|Articles|April 30, 2015

PwC: Top 5 ACA trends affecting health plans, providers

PwC researchers recently identified five of the biggest ACA-related trends.

The Affordable Care Act (ACA) was signed into law just over five years ago on March 23, 2010.  Since then, the healthcare industry has experienced massive change, from new reimbursement models to the opening of the health insurance exchanges to new regulations. But changes associated with the ACA are far from over.

Five years post-implementation, health plans, health executives, and healthcare providers must continue to adapt to changes associated with the ACA, and develop strategies to thrive in the new healthcare environment.

During a recent webinar presented by PwC's Health Research Institute, an organization dedicated to analyzing healthcare issues and policies, PwC identified five of the biggest ACA-related trends.

Here's how those trends are affecting health plans and providers:

More risk.

With the shift to value-based reimbursement that rewards providers based on the quality and cost of care provided, "risk," from a financial, enterprise, operational and market-share standpoint, is something that every healthcare player is encountering, said Ceci Connolly, leader of PwC's Health Research Institute, during the webinar.

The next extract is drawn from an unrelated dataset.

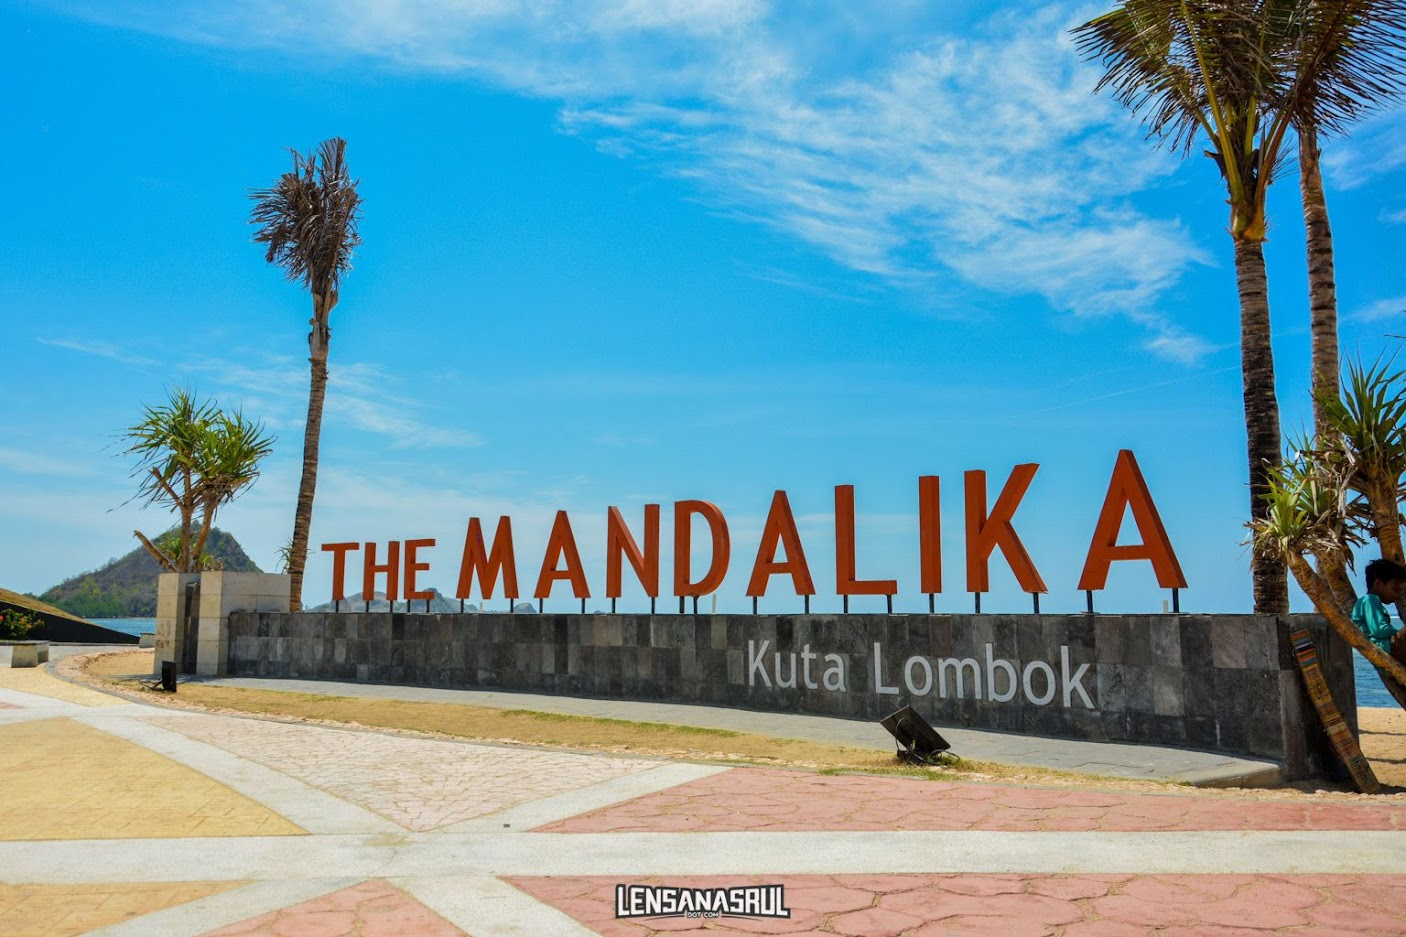 Mandalika Kuta Lombok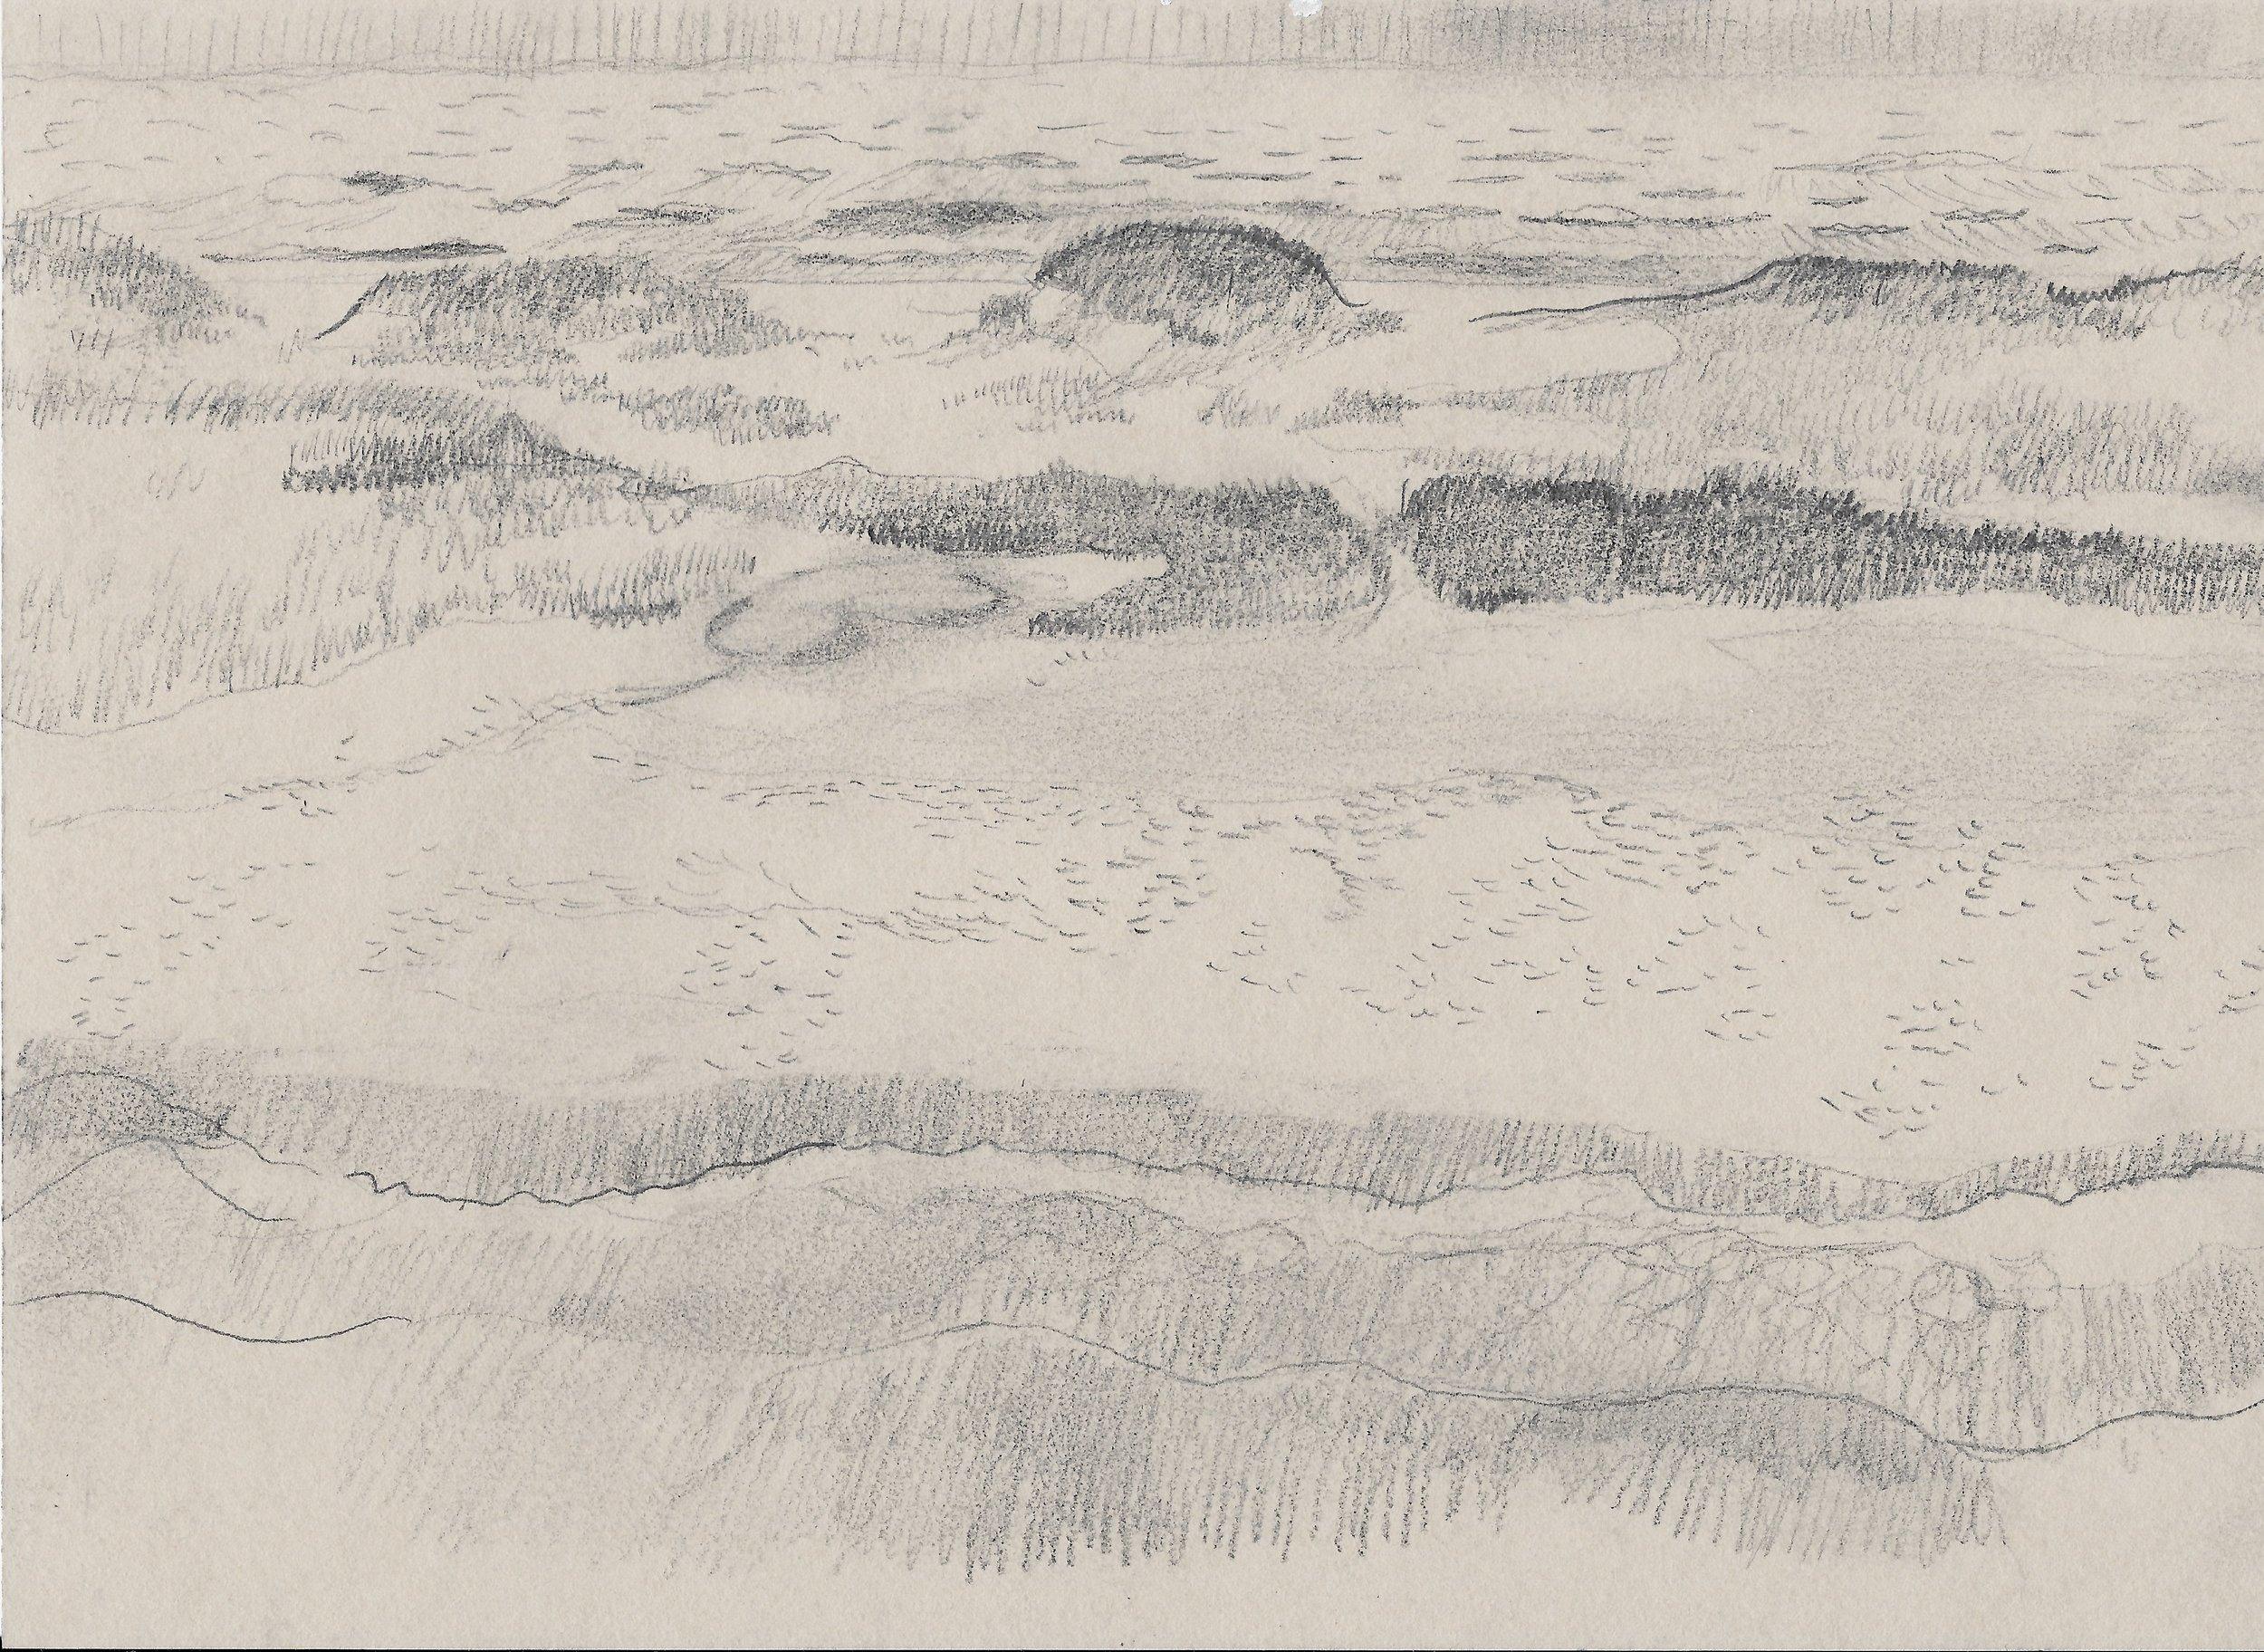 Dunes and Hoofprints

"Medicare in particular has put in place a number of new payment strategies that are going to emphasize ... value," she said, noting that combined penalties associated with three Medicare quality programs - the Hospital-Acquired Condition Reduction Program, the Hospital Readmission Reduction Program, and the Hospital Value-Based Purchasing Program - put 5% of Medicare inpatient payments at risk for providers. "That's probably an important enough number for every hospital and health system to take notice [of] and think about what they need to do to deliver the right care, at the right time, at the right place."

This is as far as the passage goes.